**ASSIGNMENT**
Your copy should hold only the lines from the one containing "AnvändarhandbokProduktivitet och arbeteTa" through the final line of the entries, exactly as written, with no pictures.

**THE DATA**
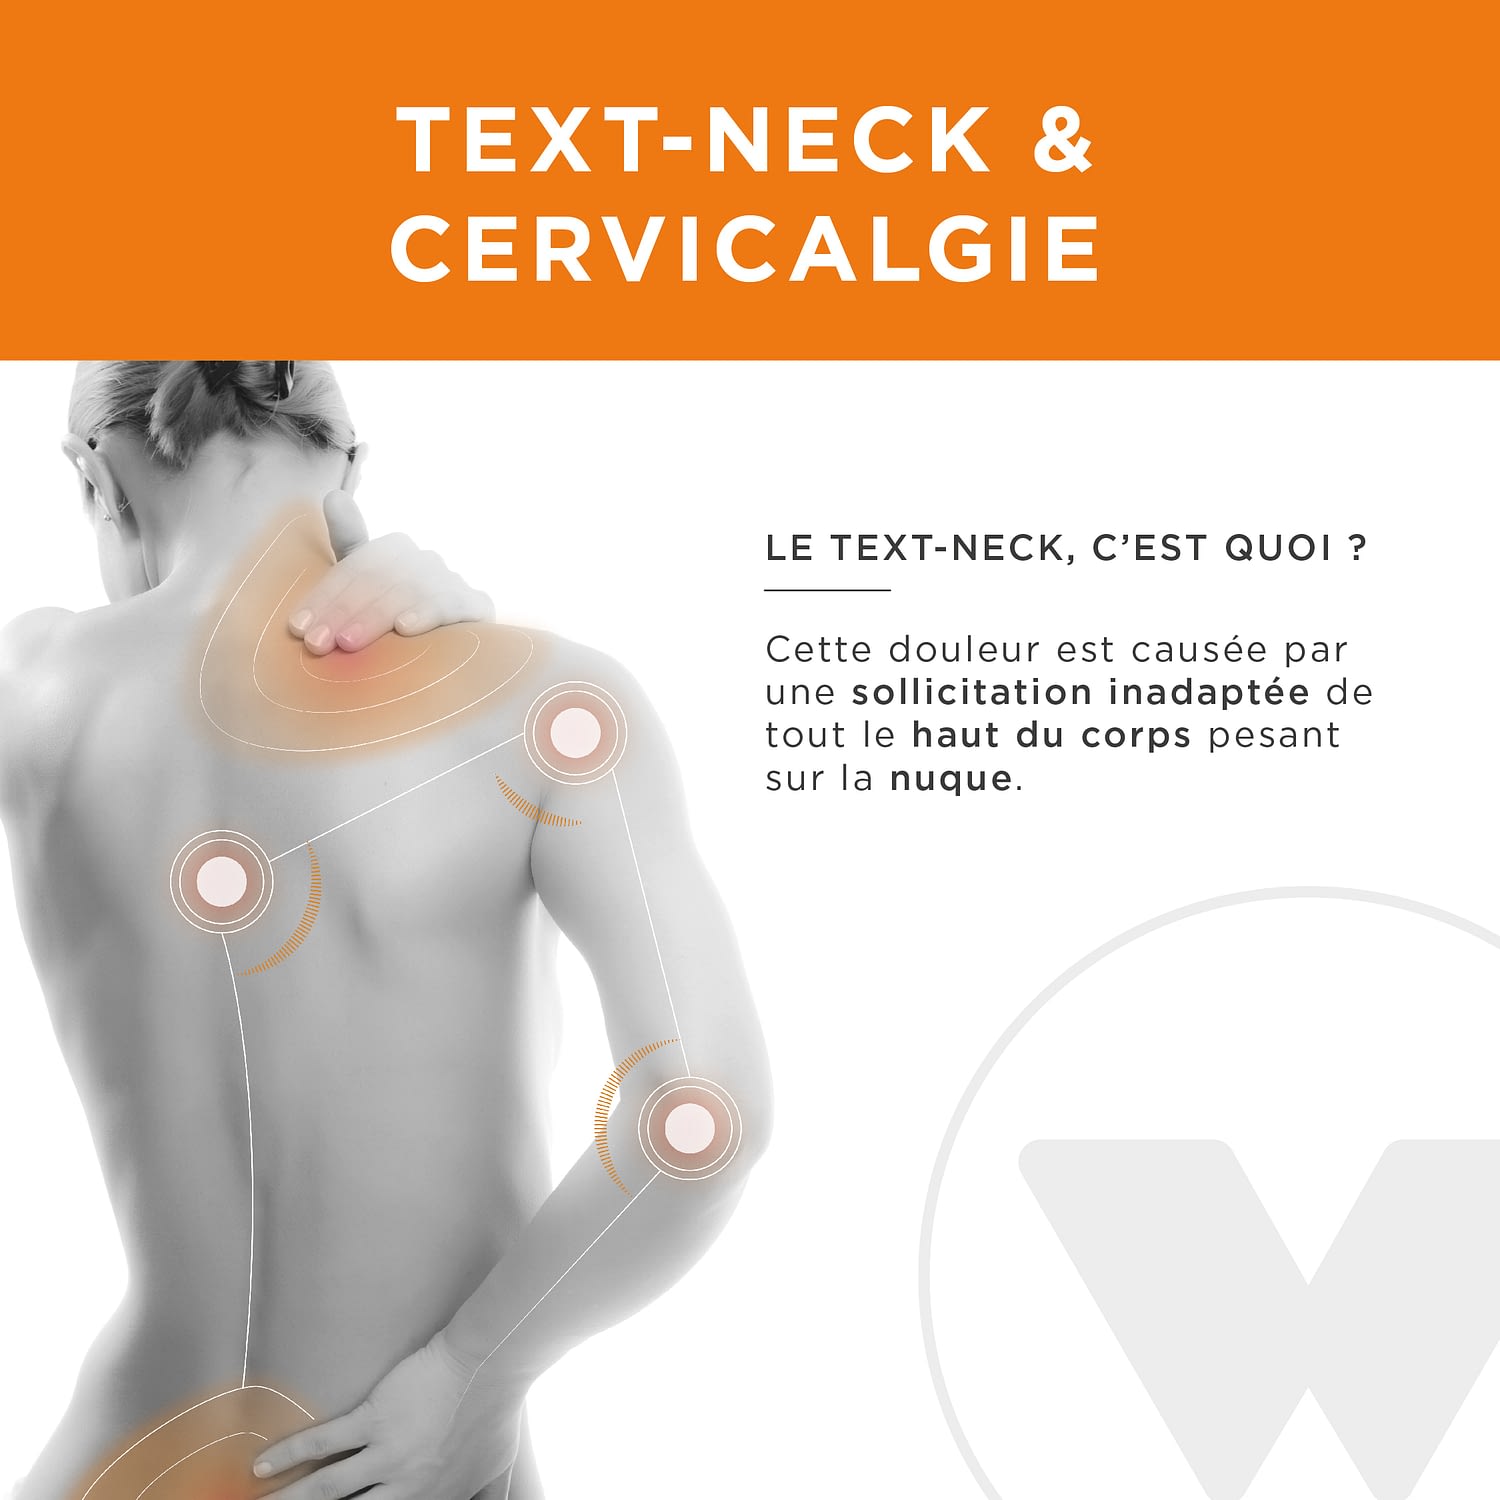 Cervicalgies text-neck
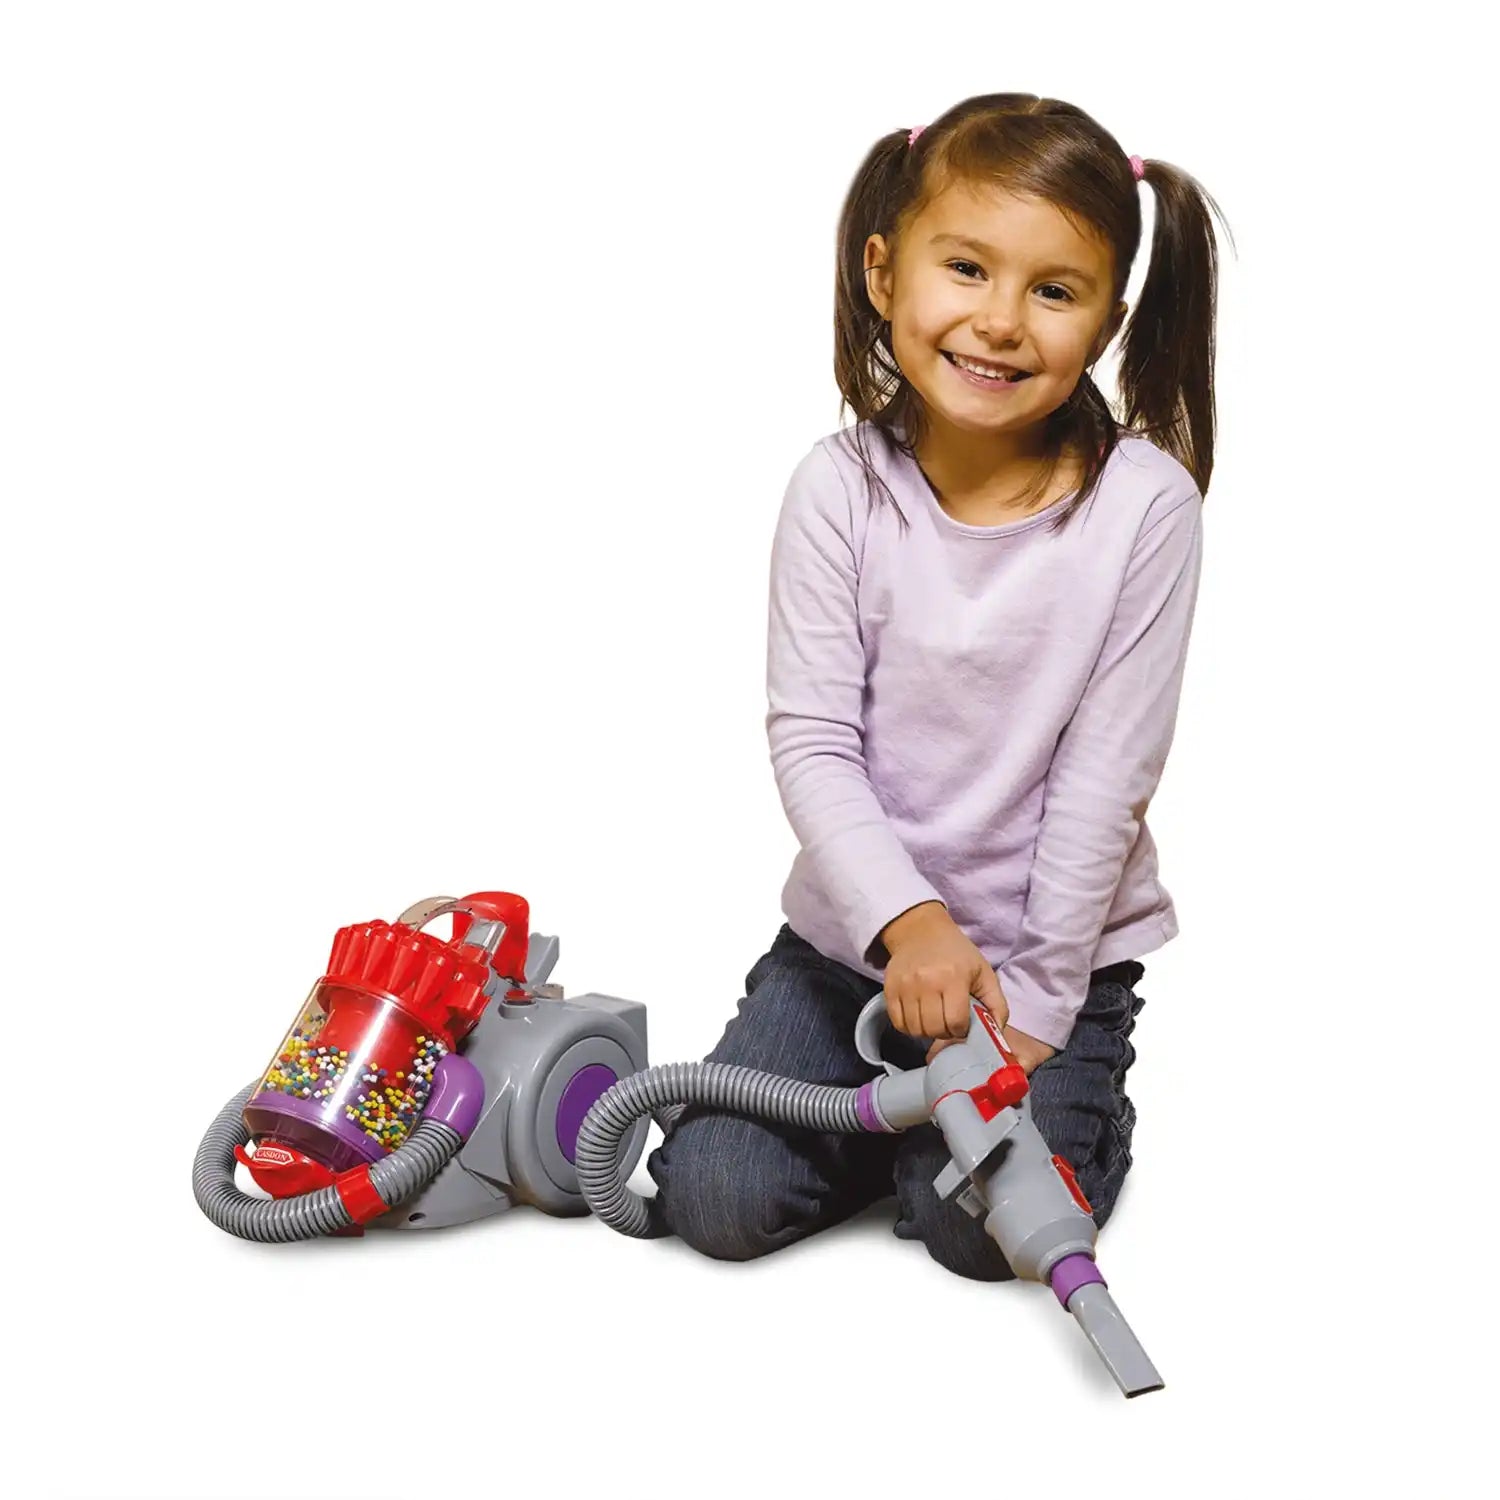 Casdon - Dyson DC22 Vacuum Cleaner Toy
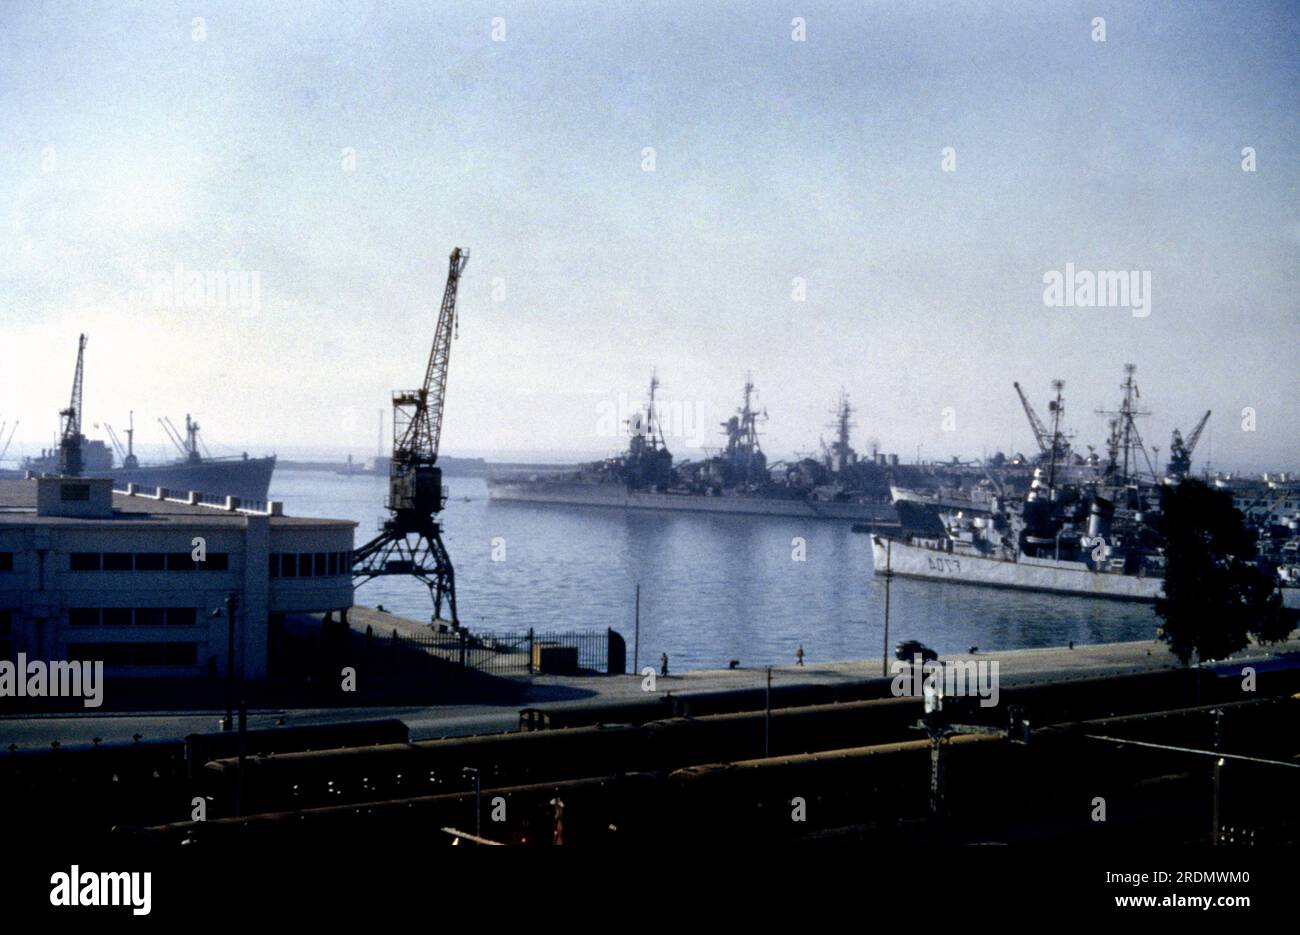 Algiers Algeria Warships In Port Stock Photo
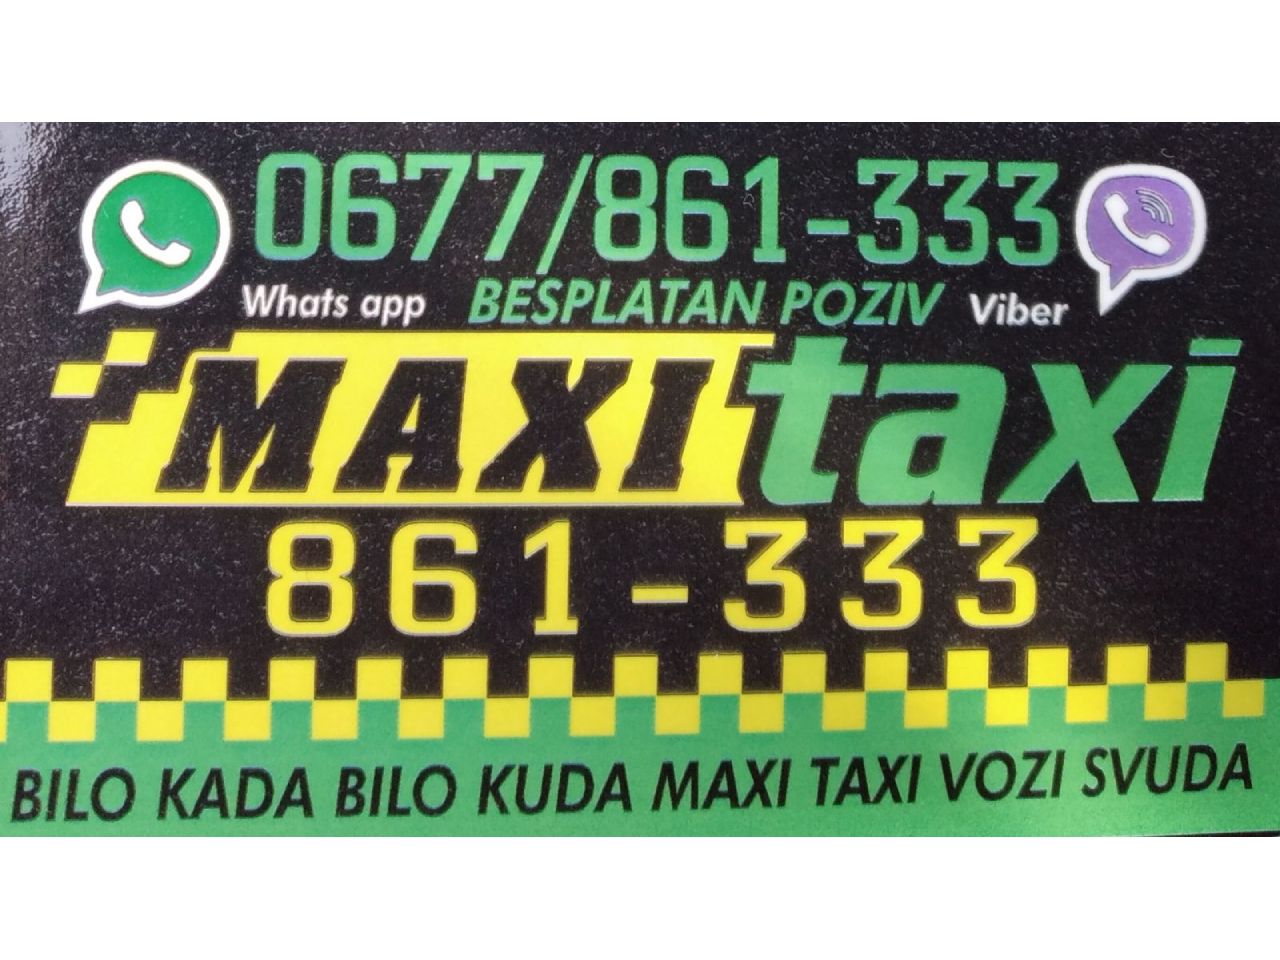 Photo 9 - OUR MAXI TAXI - TAXI services, Bajina Basta
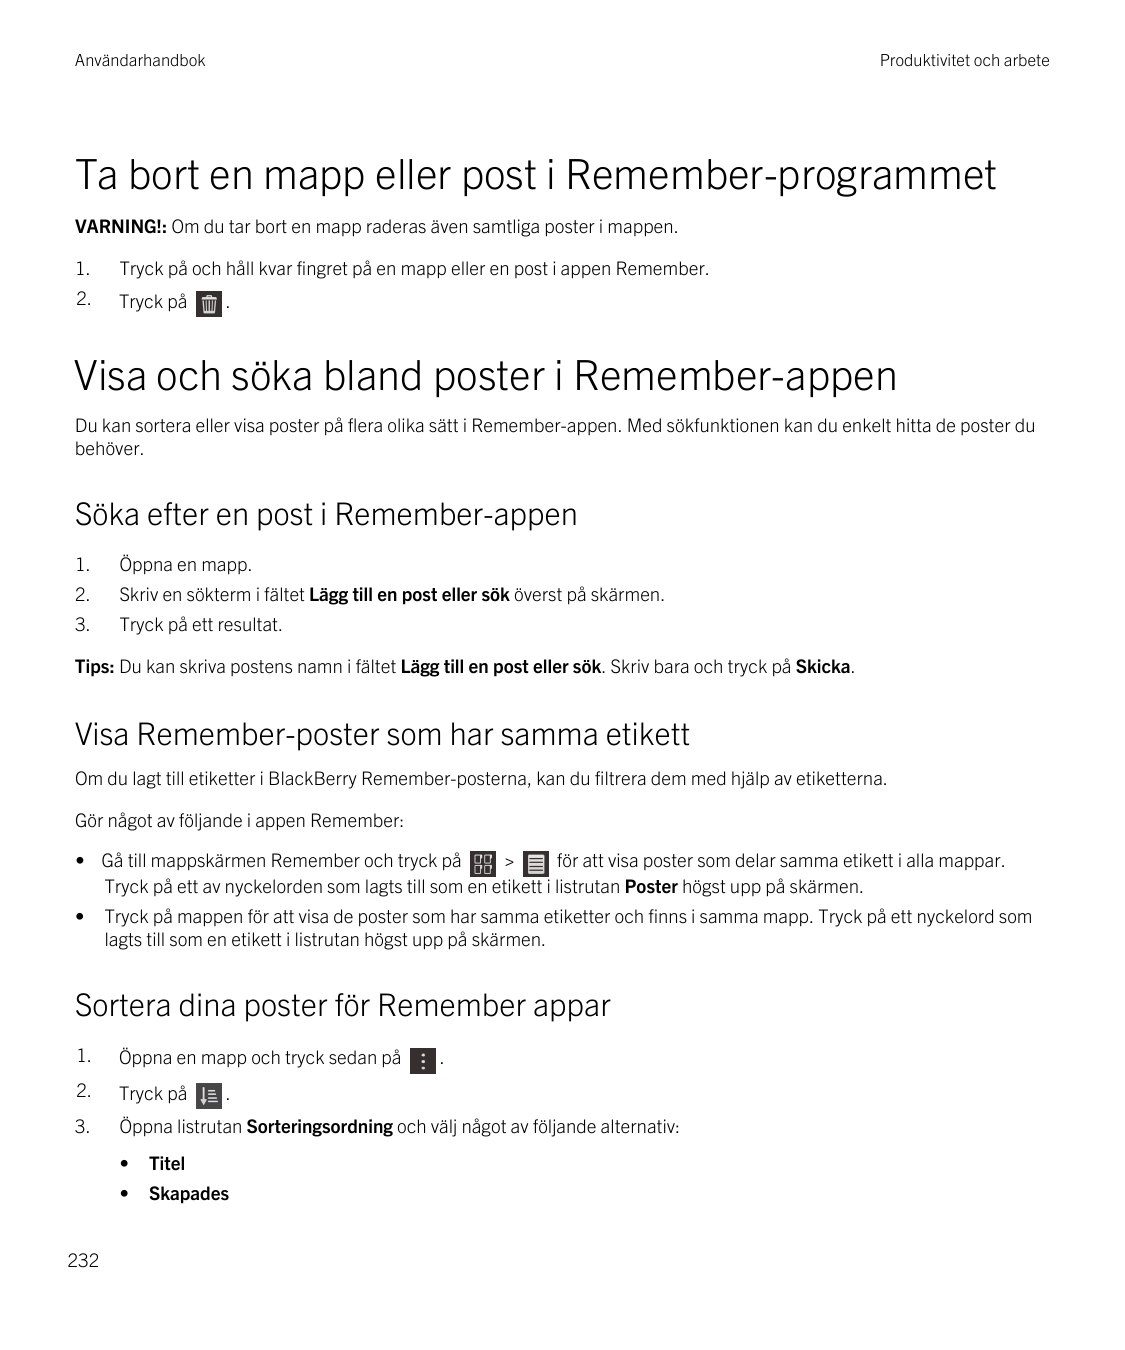 AnvändarhandbokProduktivitet och arbeteTa bort en mapp eller post i Remember-programmetVARNING!: Om du tar bort en mapp raderas 
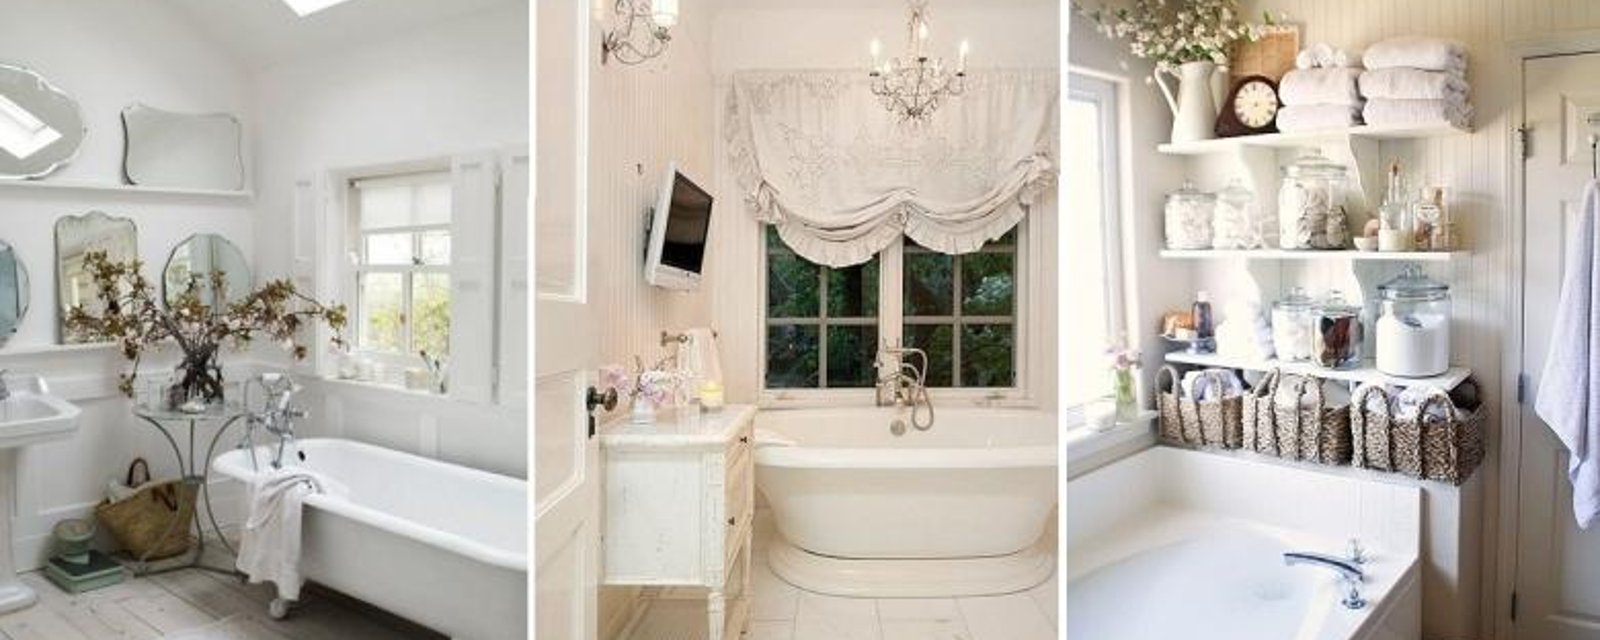 18 Magnifiques idées pour rendre une salle de bain, un peu plus Shabby Chic!

**TASK ANSWER**
 AnvändarhandbokProduktivitet och arbeteTa bort en mapp eller post i Remember-programmetVARNING!: Om du tar bort en mapp raderas 
 18 Magnifiques idées pour rendre une salle de bain, un peu plus Shabby Chic!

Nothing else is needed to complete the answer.